Der Protest ist Teil eines Kulturkampfes zwischen den regierenden Islamisten und der liberalen Elite Ägyptens. «Ich bin seit 30 Jahren künstlerisch tätig, aber dieser Mensch, der jetzt Kulturminister sein soll, ist mir noch nie über den Weg gelaufen, weder in der Oper noch anderswo», erklärt die Harfenistin Manal Mohieddin. «Er ist ein Niemand. Seine Ernennung ist Teil eines Konzepts mit dem Ziel, die Identität unseres Landes zu ändern - weg von der Schönheit, fixiert nur noch auf Geld».
Schon vor drei Wochen, direkt nachdem der islamistische Präsident Mohammed Mursi Kulturminister Abdel Asis ernannt hatte, hatten die Künstler des Landes einen Protestbrief verfasst. Darin hieß es, als Dozent an der Filmakademie sei der 51-jährige Sohn eines Mitglieds der Muslimbruderschaft für den Ministerposten nicht qualifiziert. Er stehe für die «sehr eingeschränkte kulturelle Vision des aktuellen Regimes».
Die Chefin des Opernhauses ist nicht das erste Opfer des neuen Ministers. Vor ihr hatte Abdul Asis bereits den Direktor der für Museen und Ausstellungen zuständigen Behörde, Salah al-Meligi, entlassen, was von etlichen Künstlern scharf kritisiert worden war. Auf die Frage des Nachrichtenportals «youm7», was er mit diesen Entscheidungen bezwecke, antwortete der neue Minister nur, diese Institutionen bräuchten «frisches Blut». Die Opernhaus-Chefin war allerdings keine altgediente Funktionärin, sondern erst im Februar 2012 ernannt worden. Ihr Vertrag lief ohnehin nur bis Februar 2014.
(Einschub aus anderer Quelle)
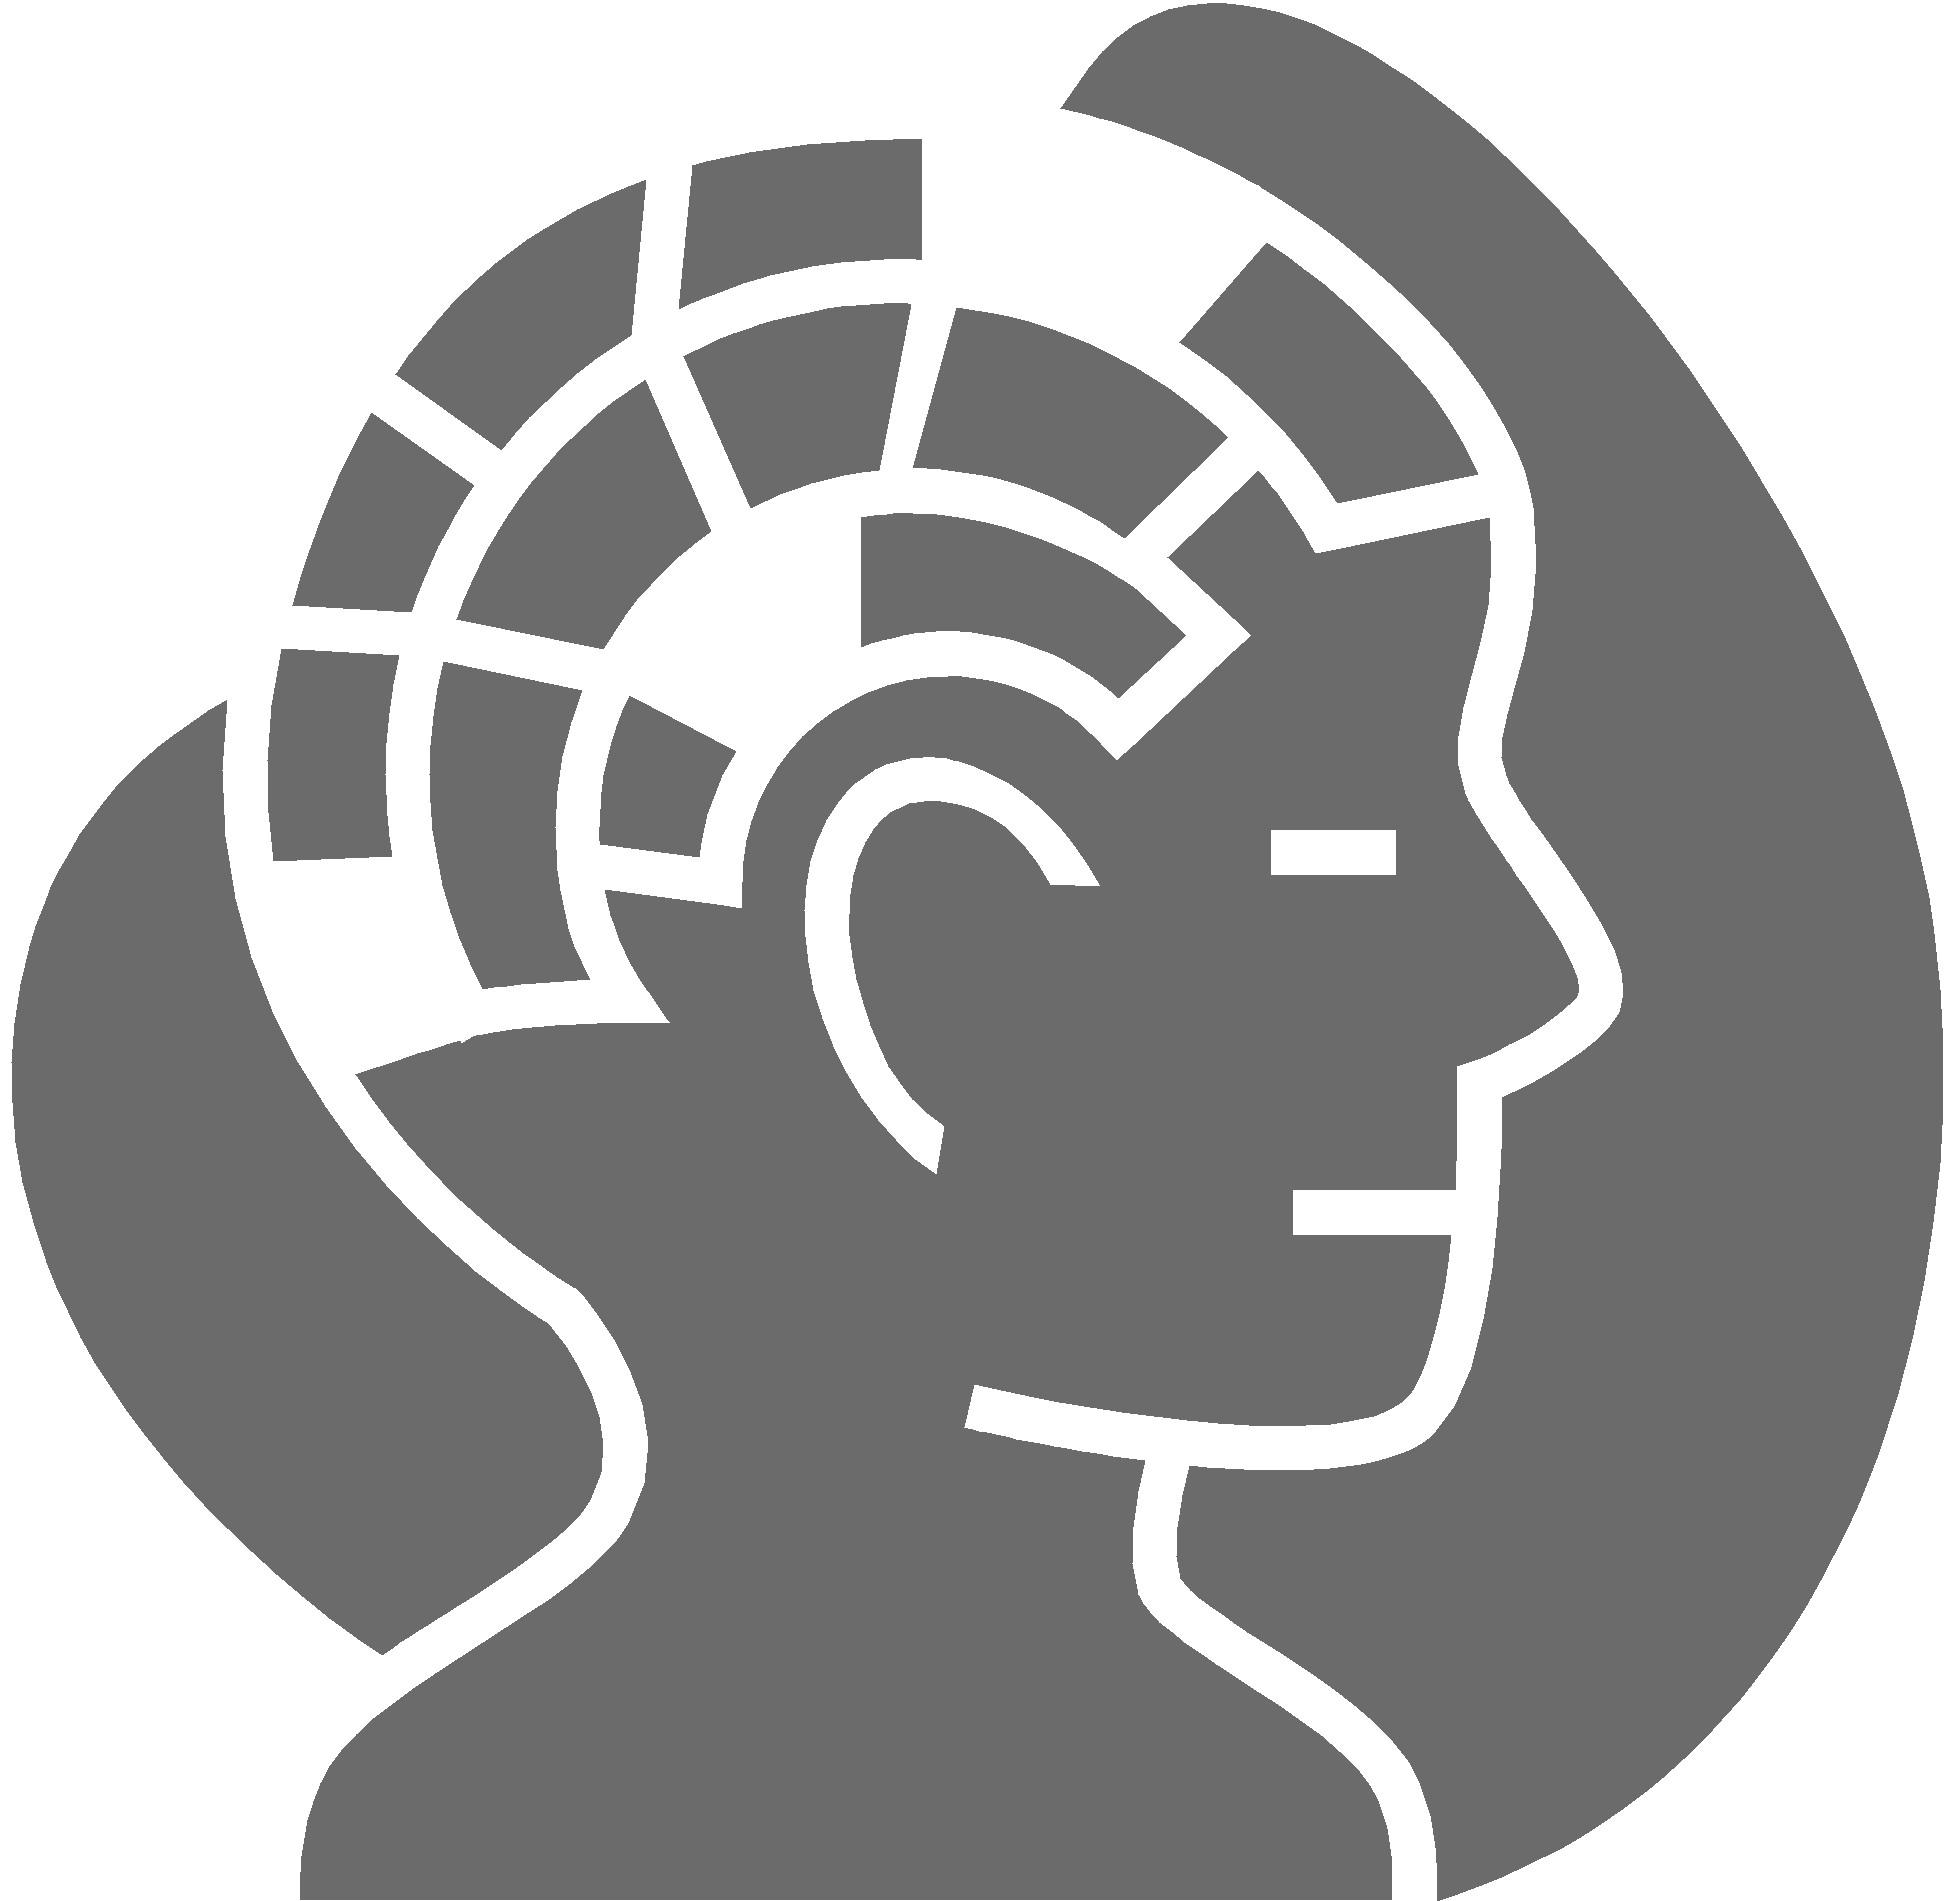 psychology clipart

Reda al-Wakil, ein Professor der Kunstakademie, dem der Minister die Leitung der Oper hatte übertragen wollen, hat den Posten inzwischen aus Solidarität mit der Entlassenen abgelehnt. Die Sänger und Orchestermitglieder des Opernhauses wollen streiken bis ihre Chefin zurückkommt und der Minister entlassen wird.
Doch ob sie diesen Streik auf Dauer durchhalten, wenn Präsident Mursi nicht reagiert, ist fraglich. Denn in ihren internen Diskussionen kam die Frage auf, «ob die Islamisten, wenn in der Oper keine Aufführungen mehr stattfinden, nicht genau das erreicht haben, was ohnehin ihr Plan war, nämlich die Kunst zu vernichten».